Instructions for the task |
The range to repeat runs from the line with "Frau klettert am" to the last line below, both ends included; give it exactly and without pictures.

Information supplied |
════════════════════
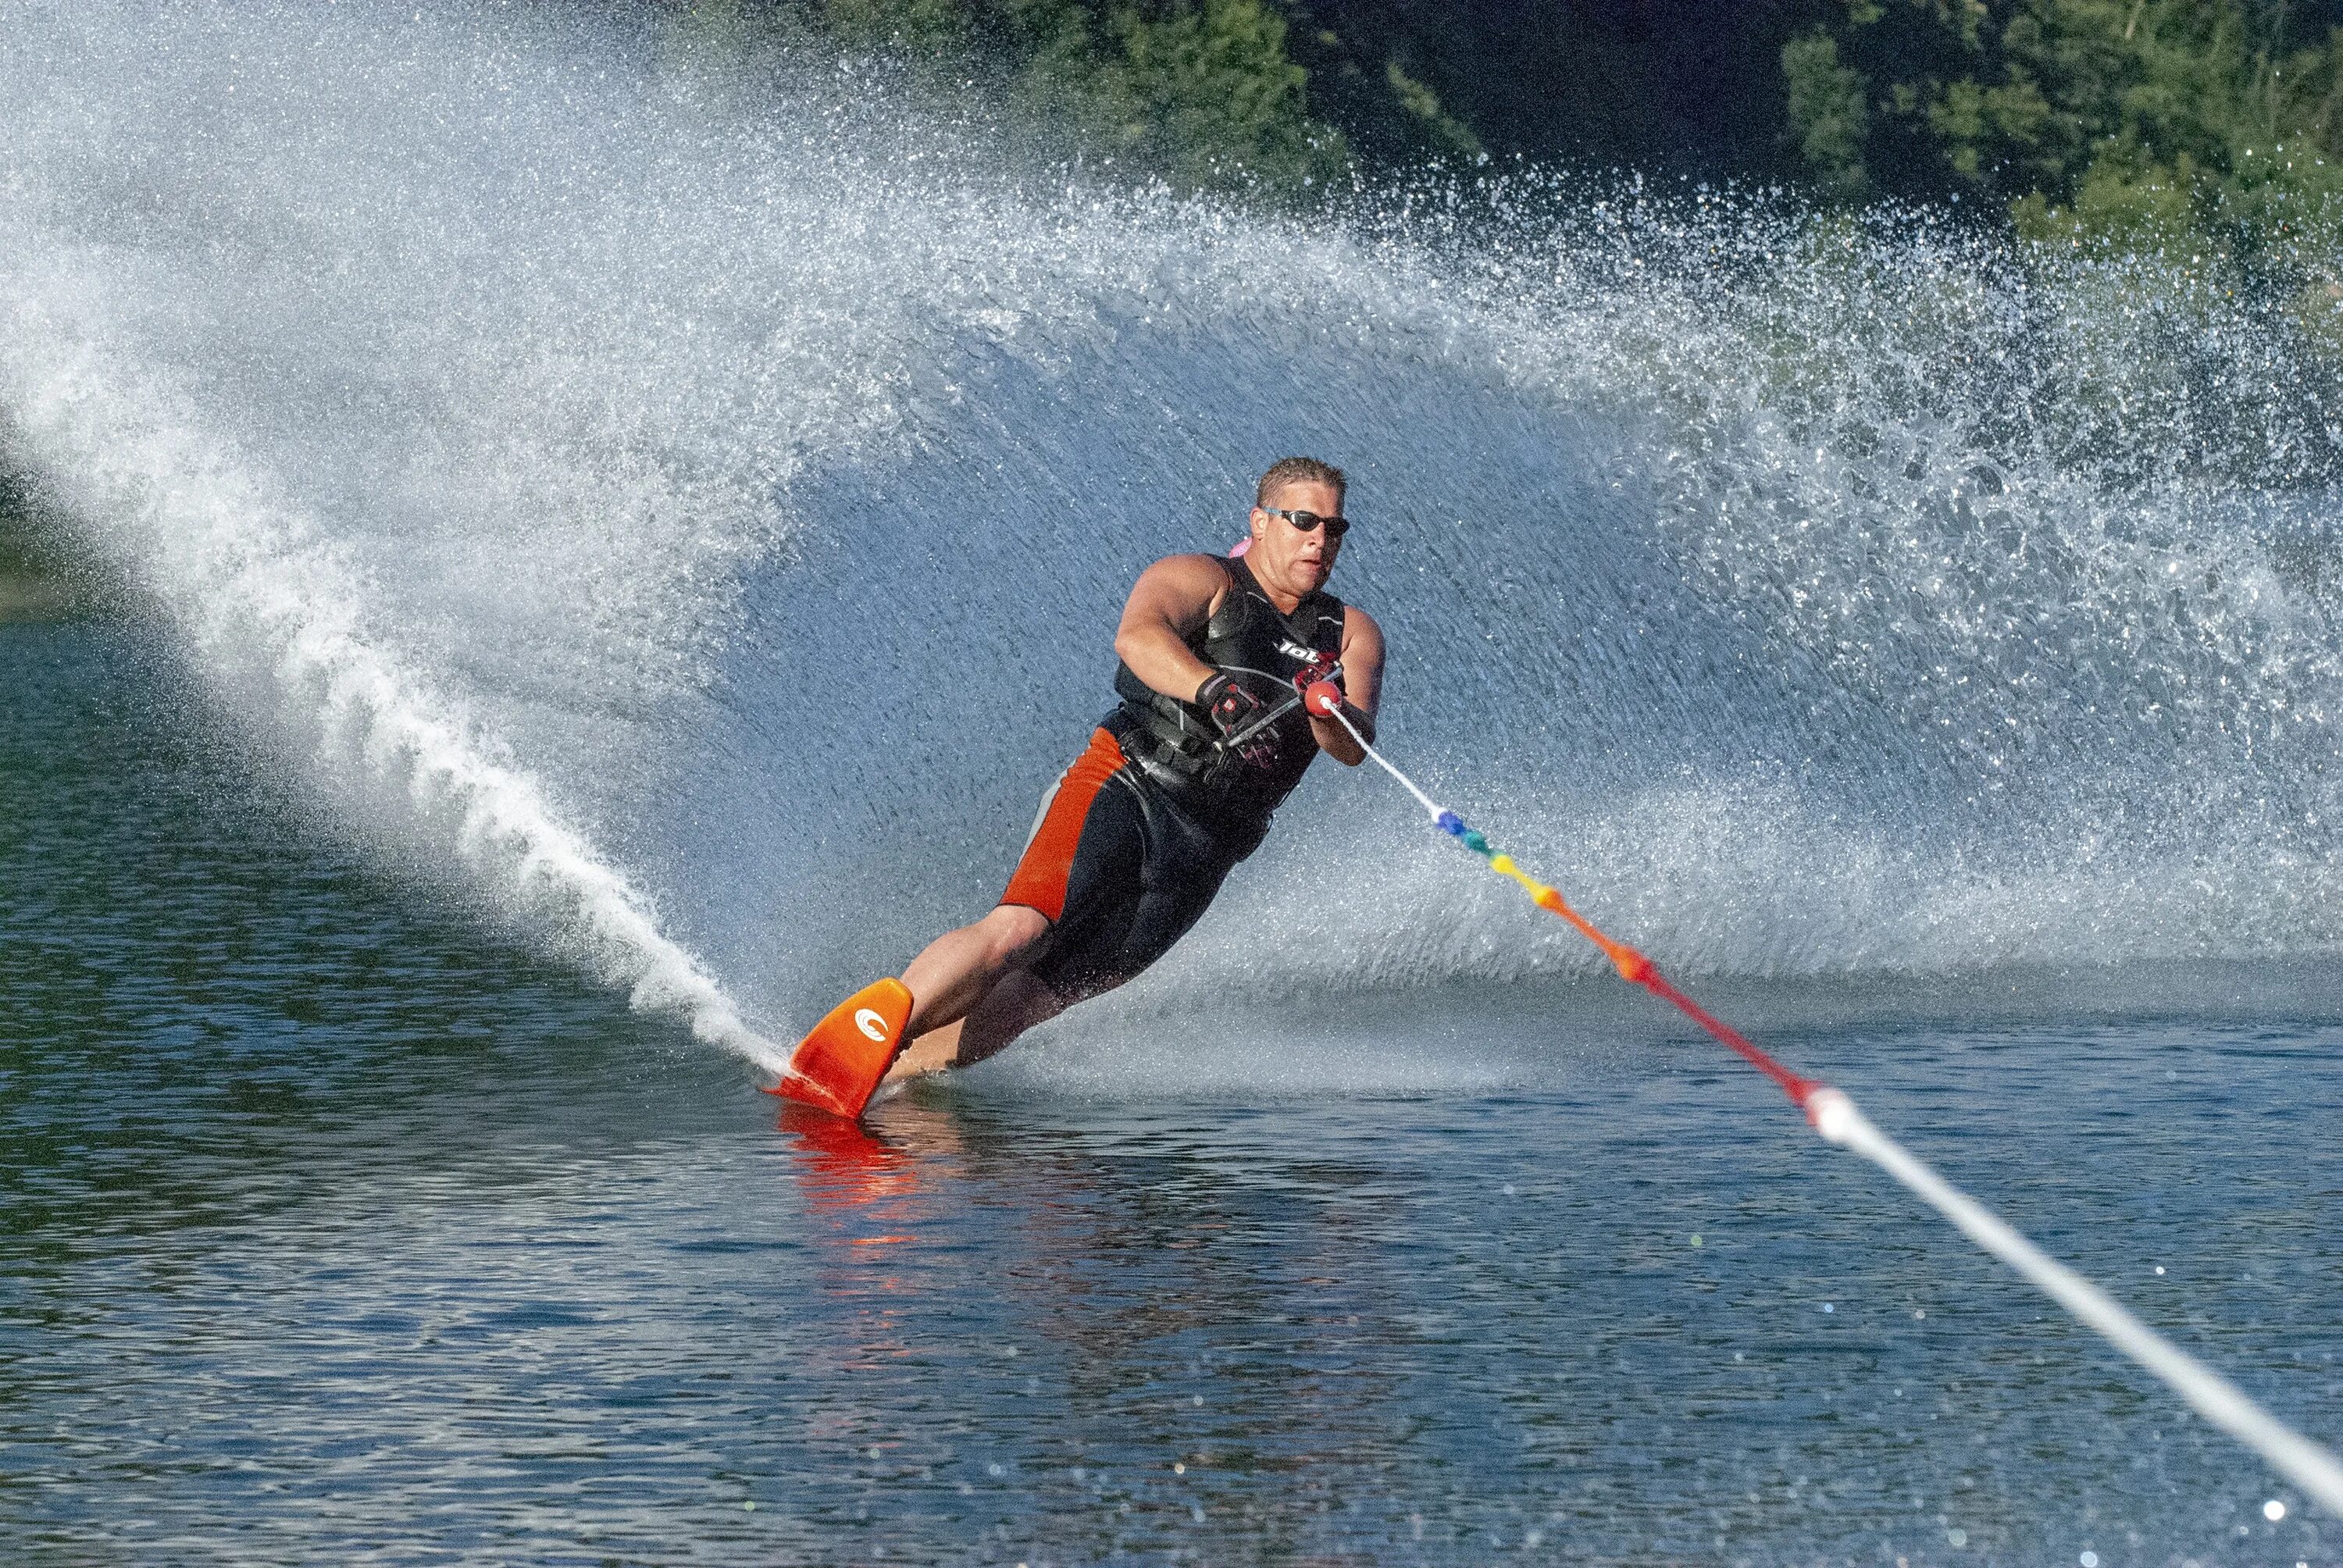 Ральф Самуэльсон водные лыжи. Катание на водных лыжах. Человек на водных лыжах. Водный спорт.
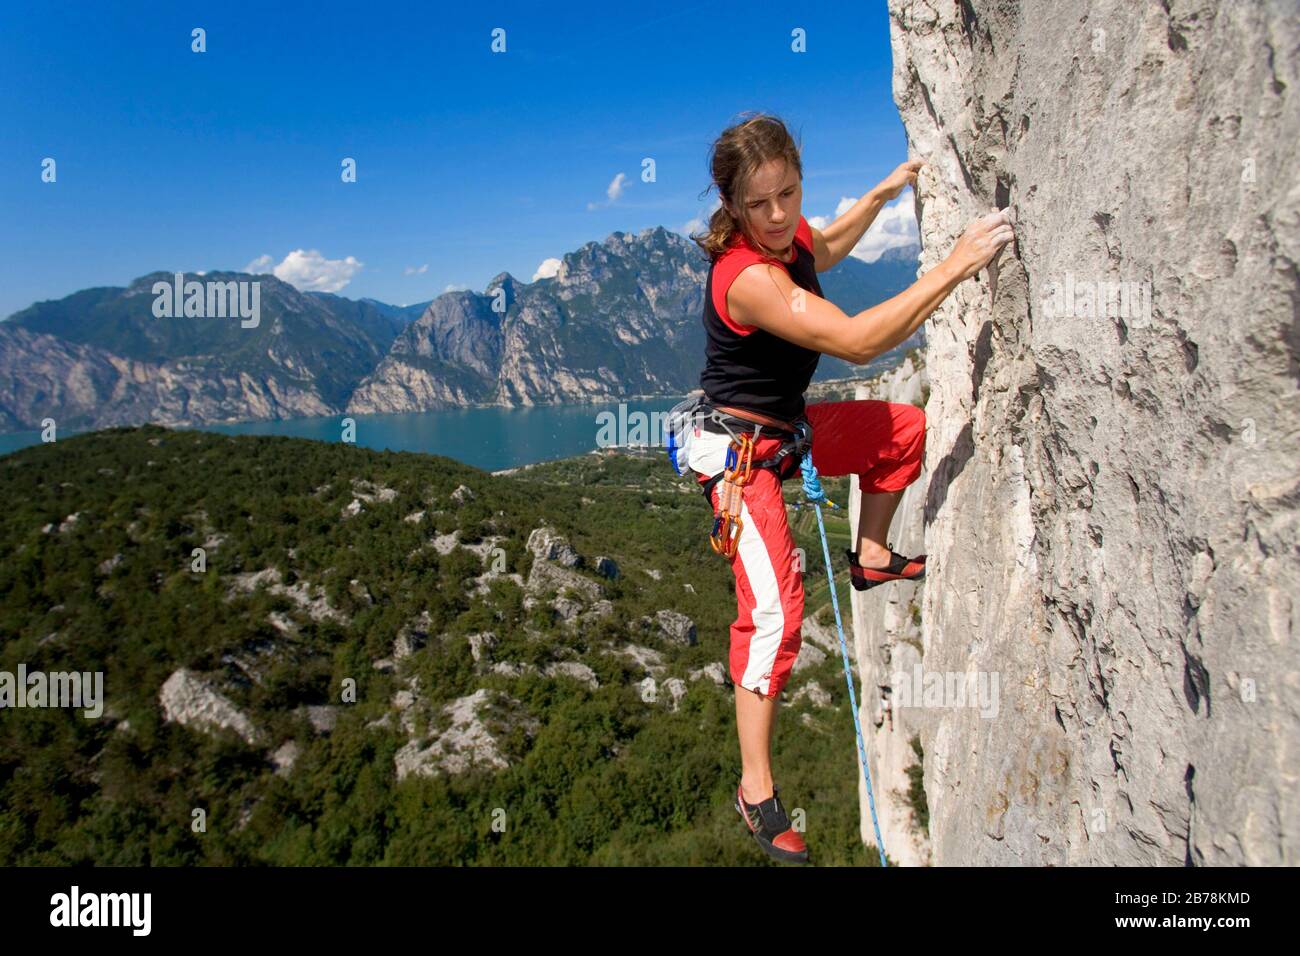 Frau klettert am Berg, Gardasee, Italien Stock Photo
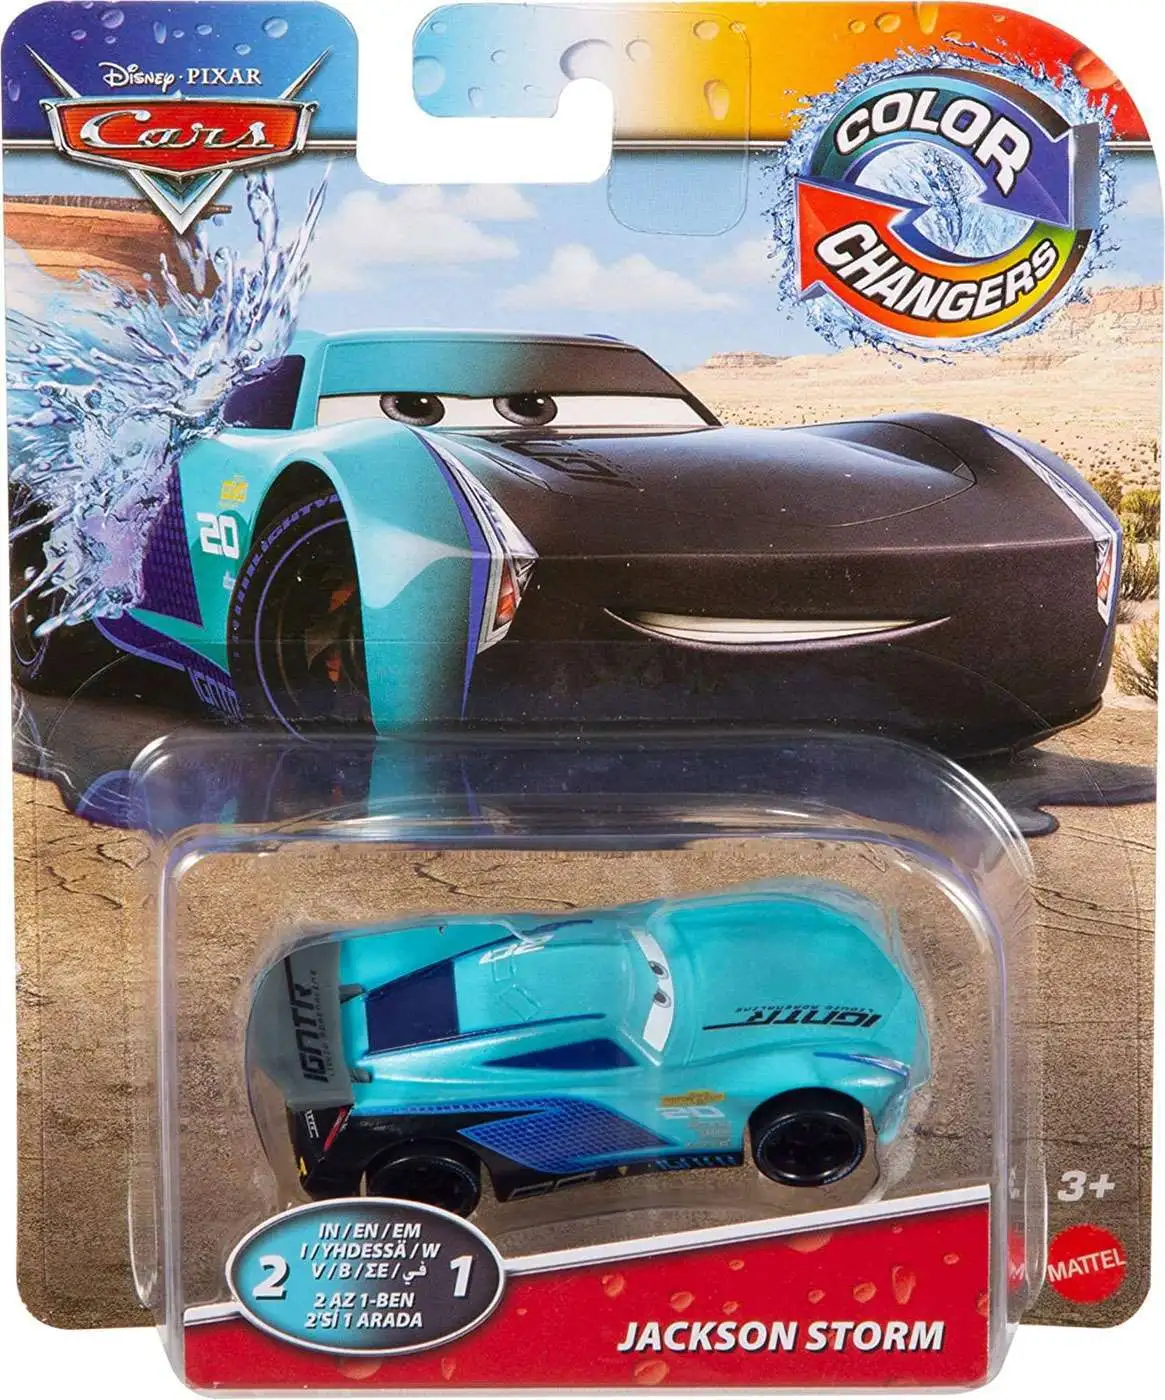 Disney / Pixar Cars Cars 3 Color Changers Jackson Storm Diecast Car
════════════════════
Answer to this exercise |
 Frau klettert am Berg, Gardasee, Italien Stock Photo
 Disney / Pixar Cars Cars 3 Color Changers Jackson Storm Diecast Car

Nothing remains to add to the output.